He laughed again and his hands caressed her body, and every doubt, every fear was driven from her mind as he roused the same passion and desire in her that he did that first honeymoon night. Six years of marriage, nearly, and their love was as real and intense and physical and wonderful as the first day. Yes, she thought, before he drove all thoughts but one from her mind. The good outweighed the bad by a long, long margin.

When she woke again the clock by the bed told her it should be eight o’clock in the morning. The room was light because the TARDIS lights automatically came on when it should be daytime even though there was only the black of space outside. And even though it was frozen in time it was pretending that time was passing.

The Doctor wasn’t there, but there was a cup of tea and a note. She read it.

“Get dressed and join me in the virtual room.”

She drank the tea and got dressed and made her way through the TARDIS corridors to the room with the double doors by the coke machine. The room that the TARDIS could configure to look like anything and anywhere that she or The Doctor could ask it to create. Anything their imagination could conjure. They didn’t do it often, because it took a lot of energy and refuelling meant spending the weekend in Cardiff with the TARDIS parked over the natural spatial/temporal rift that ran through it, and they quickly ran out of things to do there. Besides, they had a whole universe to explore for real. They didn’t need to imagine it.

She stepped through the door and caught her breath as a cool, sharp breeze caught her. She looked around at the scene. They appeared to be on top of a mountain. A tall mountain, the tallest thing in the landscape that stretched before her.

The Doctor was sitting at the edge of a wide ledge looking out over the landscape. She went to join him, sitting at his side. He was pulling food out of a rucksack he had with him.

“Breakfast,” he said, pouring a mug of coffee from a flask. She took it and drank as she looked around at the landscape below and thought she recognised some of the features.

“Gallifrey?” It was one of the few exception to the rule about not needing to create places out of his imagination. Gallifrey only existed in his imagination. Now and again she knew he did come to this room to spend time in the virtual landscape.
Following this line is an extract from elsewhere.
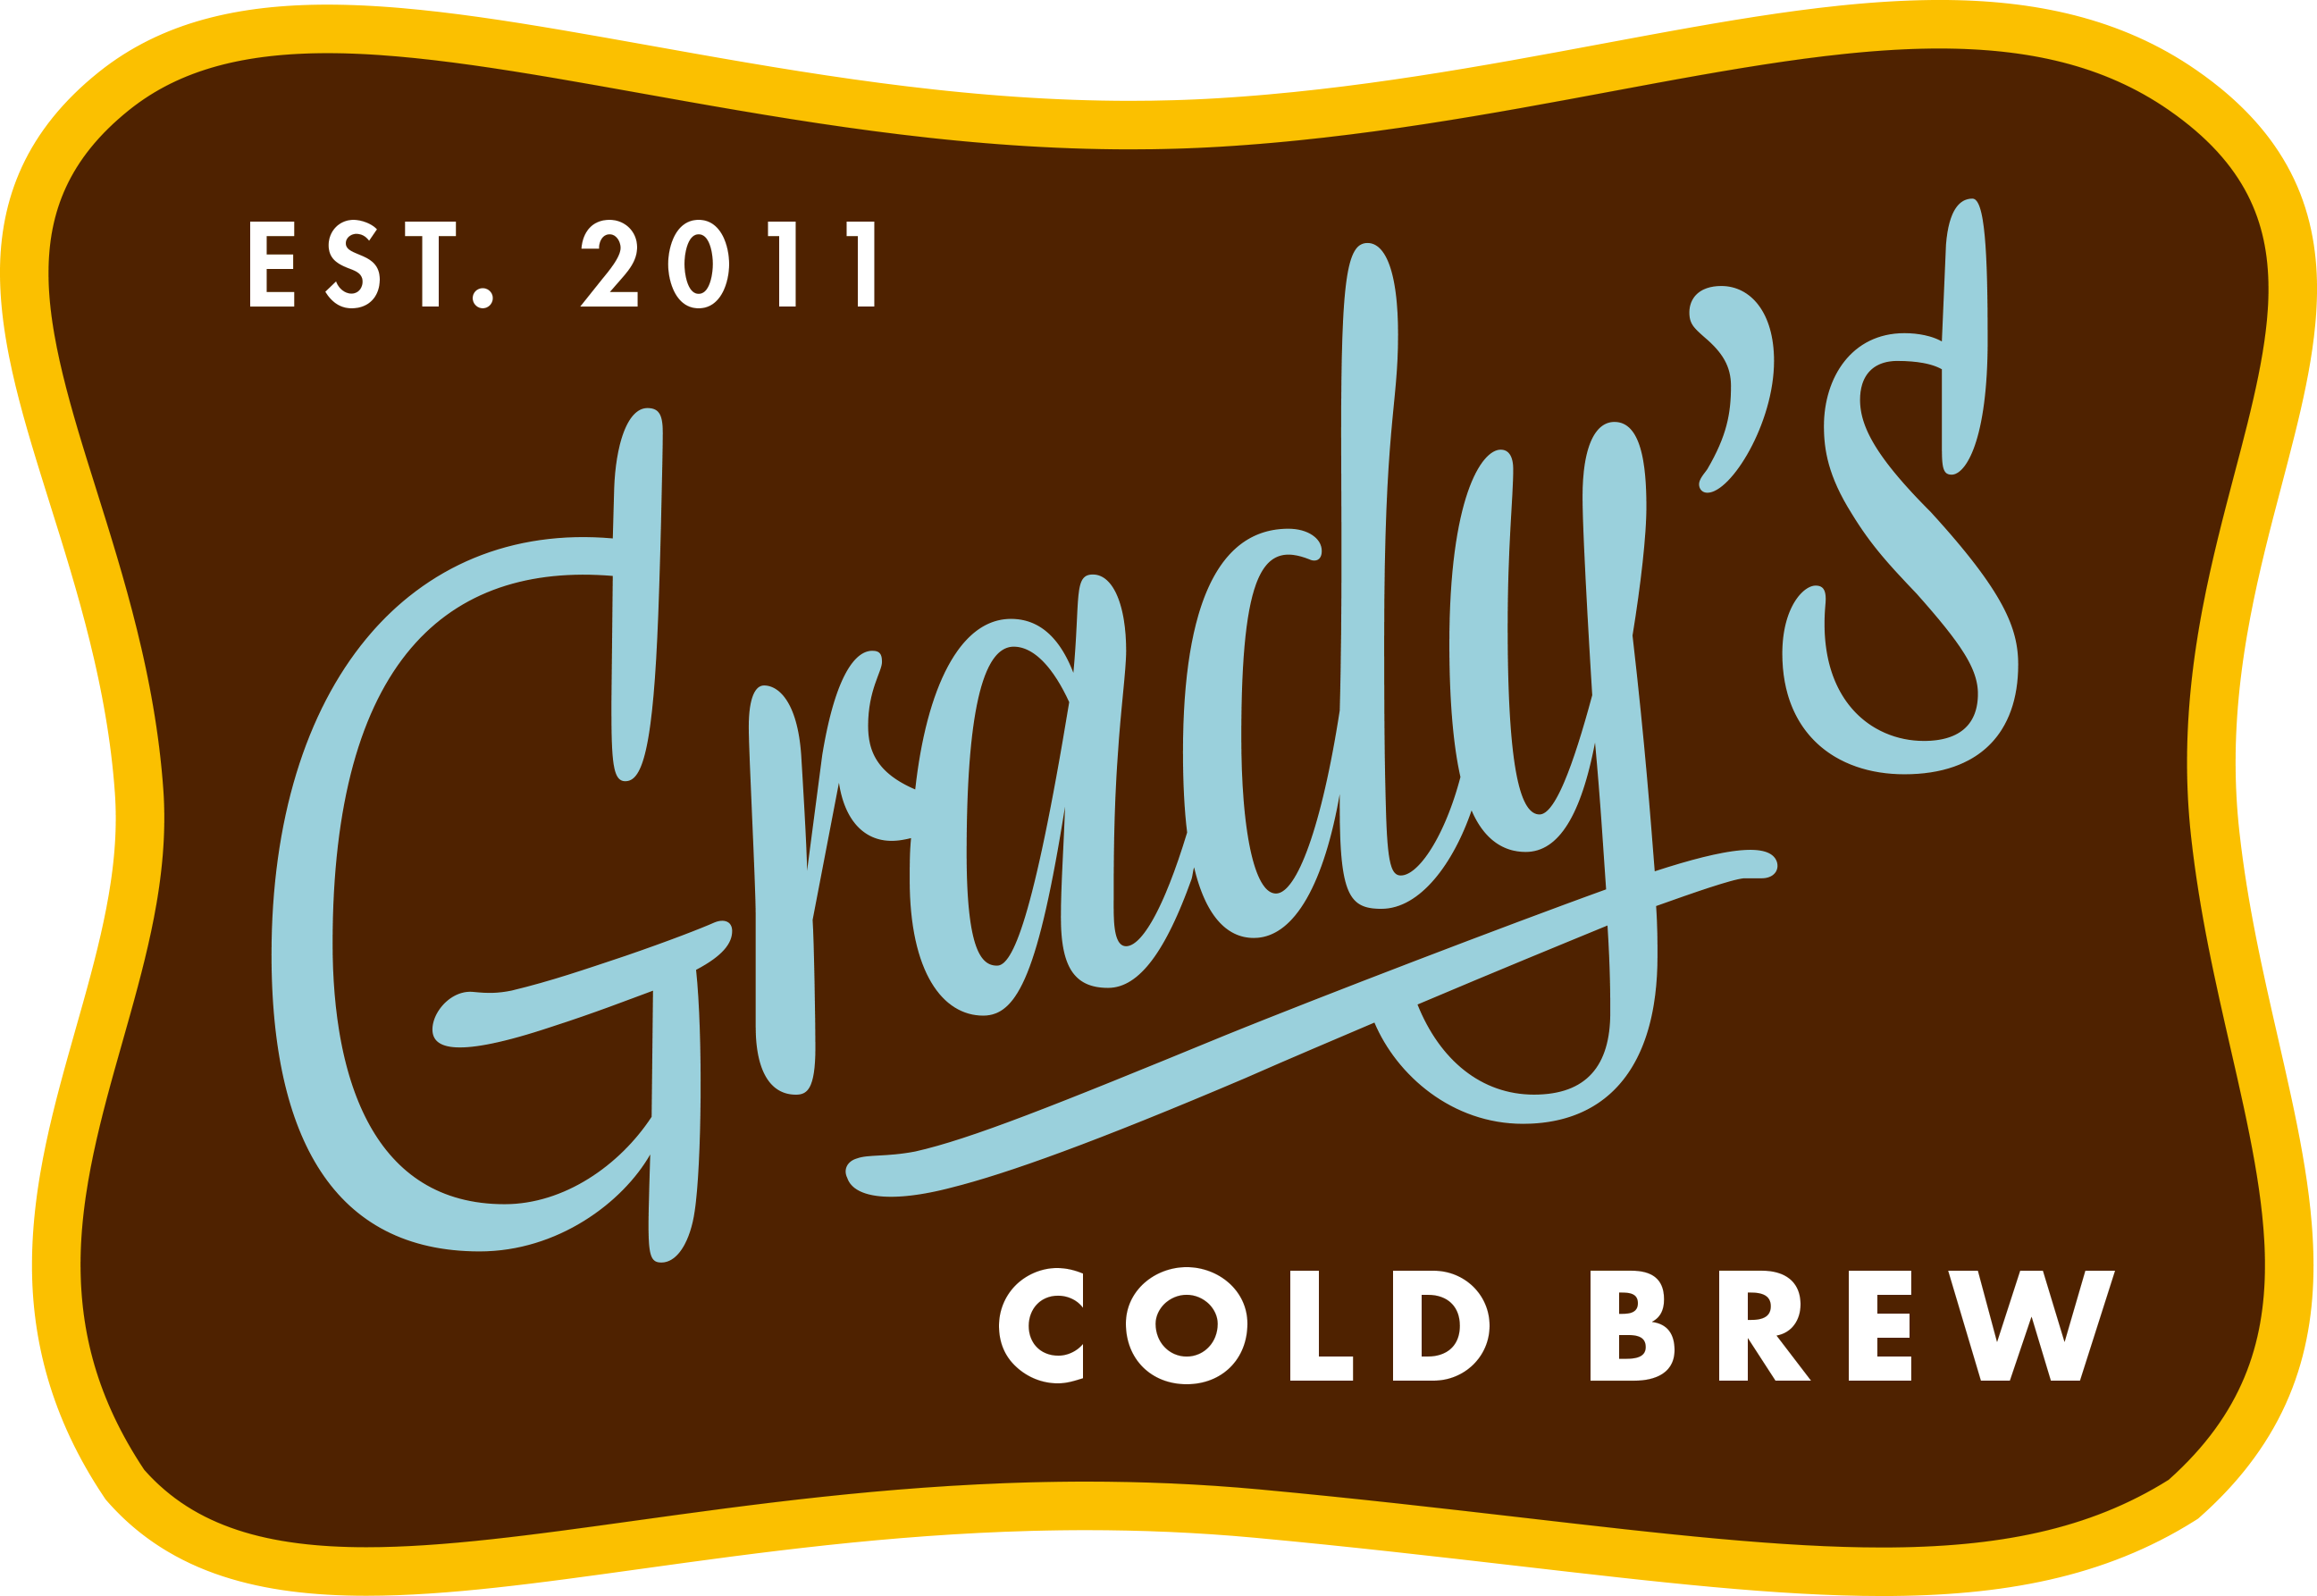 Grady's Cold Brew

He needed to remember his lost home in a more concrete way. Sometimes she came with him, sometimes he was solitary, with only his memories for company.
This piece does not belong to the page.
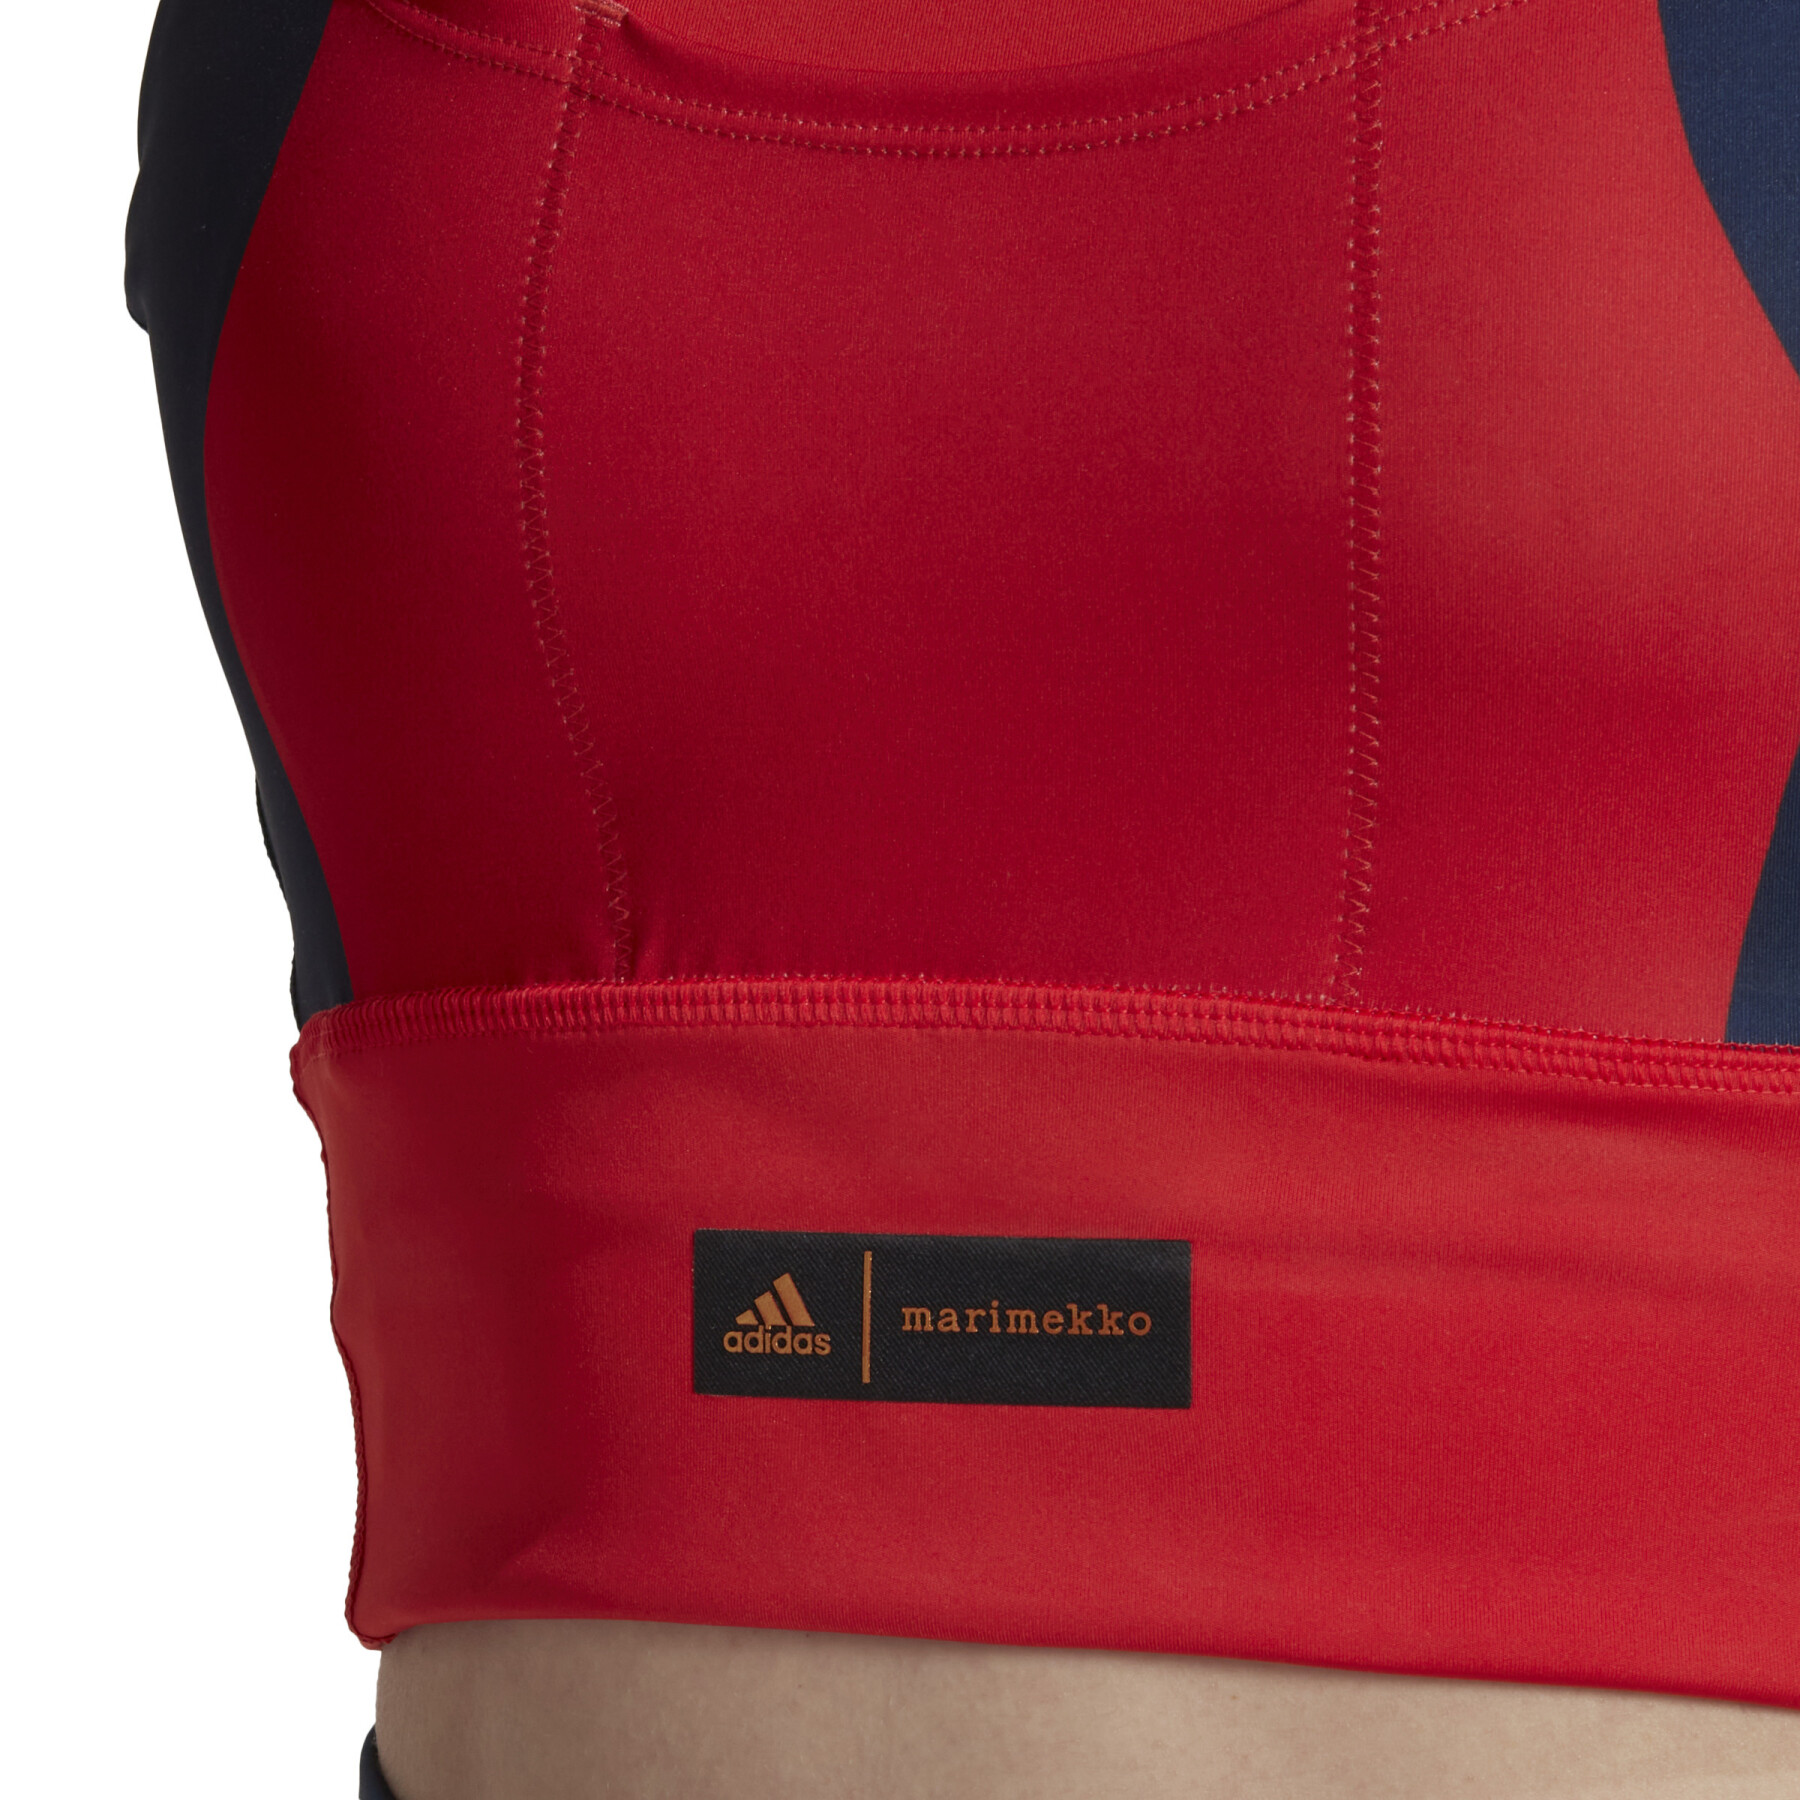 Sujetador de bolsillo de soporte medio para mujer adidas Marimekko

“This is the top of your mountain, isn’t it?” she said. “Mount Lœng.”

“Not quite the top,” he answered, and she turned and followed his eyes as he looked up to the dizzying heights of the mountain peak. Clinging to the rock, near that peak was the Monastery where the Brotherhood of Mount Lœng lived their lives of contemplation. Between where they were and the monastery was serious climbing territory. Sheer rockfaces, outcrops and overhangs.

“If you wanted to join the Brotherhood you had to prove it by getting up there under your own steam,” The Doctor said. “I got there, but they said I didn’t have enough patience for the contemplative life. But I kept on climbing up and they accepted me as a sort of persistent nuisance who was prepared to learn their disciplines even if they didn’t make me one of them. I never did learn patience.”

He turned and put his arms around her shoulders as he looked out across the landscape. “See, below, the river. That’s the B?rrow. The mountain and the river defined the boundaries of our demesne so that’s where the family name came from. I always thought it was such a proud, strong name. An Oldblood House, sired by Rassilon himself, that had produced great warriors and great academics, explorers and adventurers, philosophers and inventors. Then I learned about Earth culture and thought we sounded like a Hobbit family, named after the landscape around us.”

“Nothing wrong with that, either,” Rose assured him. “Hobbits are good people. I like being a Lœngbærrow. I like it when people call me that. Mrs De Lœngbærrow. Your wife.”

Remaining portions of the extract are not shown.